Now, if you try to insert those same records, you’ll see that our index will prevent duplicated terms. For this to work, we defined our index with the lower(username) expression.

INSERT INTO users (name, username) VALUES ('John Doe', 'john');

INSERT INTO users (name, username) VALUES ('Doe, John', 'JOHN');
-- ERROR:  duplicate key value violates unique constraint "unique_username_on_users"
-- DETAIL:  Key (lower(username))=(john) already exists.

But now we have another problem: the username column is still case-sensitive. This means that your WHERE clause will differentiate uppercase/lowercase characters.

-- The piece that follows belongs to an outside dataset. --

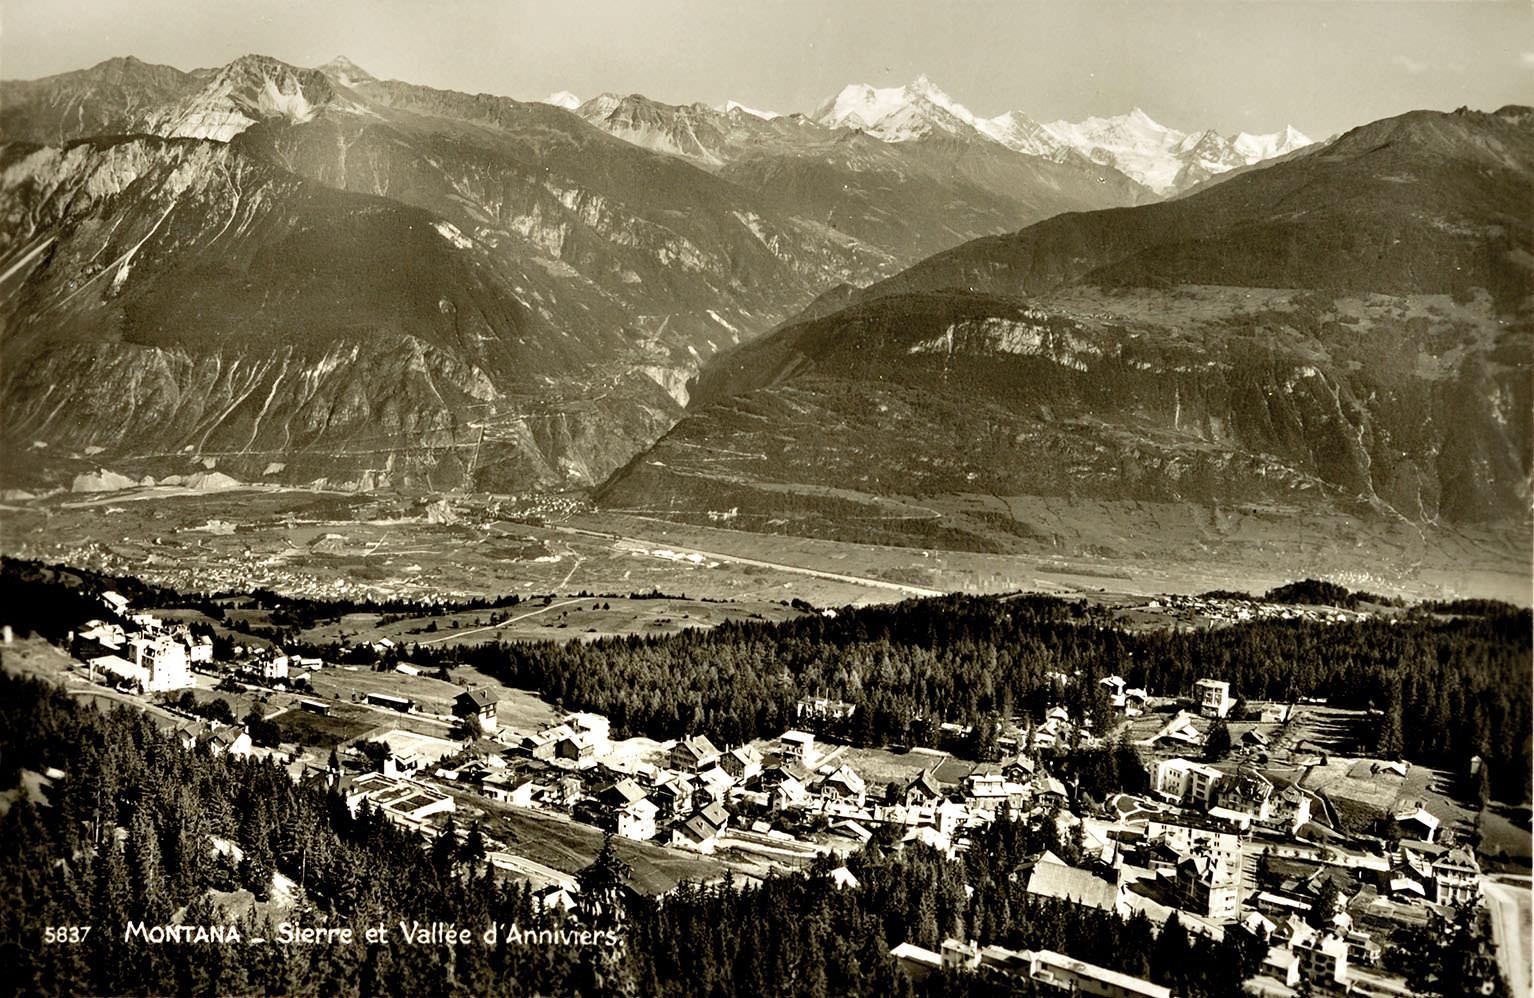 Abb. 9  Blick von Montana auf Sierre und das Val d'Annivier , Ansichtskarte, c.a.1936, Zentrum Paul Klee, Bern, Schenkung Familie Klee © Zentrum Paul Klee, Bern, Bildarchiv

SELECT * FROM users WHERE username = 'john';

-- ----------+----------
--    name   | username
-- ----------+----------
--  John Doe | john
-- ----------+----------
-- (1 row)

SELECT * FROM users WHERE username = 'jOhN';

-- ------+----------
--  name | username
-- ------+----------
-- (0 rows)

So, to return the records that matches john no matter the character case you’re using, you’ll have to use the lower function. This is not elegant and it’s quite verbose, but will do the job.

SELECT * FROM users WHERE lower(username) = lower('jOhN');

-- ----------+----------
--    name   | username
-- ----------+----------
--  John Doe | john
-- (1 row)

So, how can you fix this? PostgreSQL has an extension called citext.

The citext extension

The citext extension allows you to define insensitive-case columns, so you can avoid things like the lower function. In fact, this extension calls the lower function automatically so that you don’t have to do it manually.

If you’re using Ubuntu, you have to install the postgresql-contrib package.

$ sudo apt-get install postgresql-contrib

To enable citext, just run something like this.

CREATE EXTENSION IF NOT EXISTS citext WITH SCHEMA public;

To list all enabled extensions on your system, run the command \dx.

psql> \dx
                           List of installed extensions
  Name   | Version |   Schema   |                   Description
---------+---------+------------+--------------------------------------------------
 citext  | 1.0     | public     | data type for case-insensitive character strings
 plpgsql | 1.0     | pg_catalog | PL/pgSQL procedural language
(2 rows)

Now you can change the column type to citext.

-- alter username column type
ALTER TABLE users ALTER COLUMN username TYPE citext;

-- remove index
DROP INDEX unique_username_on_users;

-- recreate index without the lower call
CREATE UNIQUE INDEX unique_username_on_users ON users (username);

As you can see, everything works as expected.

SELECT * FROM users WHERE username = 'jOhN';

--- ----------+----------
---    name   | username
--- ----------+----------
---  John Doe | john
--- (1 row)

INSERT INTO users (name, username) VALUES ('JD', 'jOhN');
-- ERROR:  duplicate key value violates unique constraint "unique_username_on_users"
-- DETAIL:  Key (username)=(jOhN) already exists.

Using citext on your Rails application

Rails 4.2+ now has support for citext. Just remember to activate the citext extension using the enable_extension method.

class CreateUsers < ActiveRecord::Migration
  def change
    enable_extension 'citext'

    create_table :users do |t|
      t.text :name, null: false
      t.citext :username, null: false
    end

    add_index :users, :username, unique: true
  end
end

And you’re done! Now your username column is case-insensitive and you don’t have to worry with anything else.

But if you’re running an older version, you must use the activerecord-postgresql-citext gem. Just add it to your Gemfile and run bundle install.

source 'https://rubygems.org'
gem 'rails', '4.1.9'
gem 'pg'
gem 'activerecord-postgresql-citext'

Now you can use the citext column type just like we did before.

Wrapping up

Not every tool works the same, so it’s really important to understand the changes introduced by a new software you’re going to use. PostgreSQL is awesome and has some many other useful features that I’ll try to cover in the future.

This text is a translation from an article originally published in Dec 29, 2013.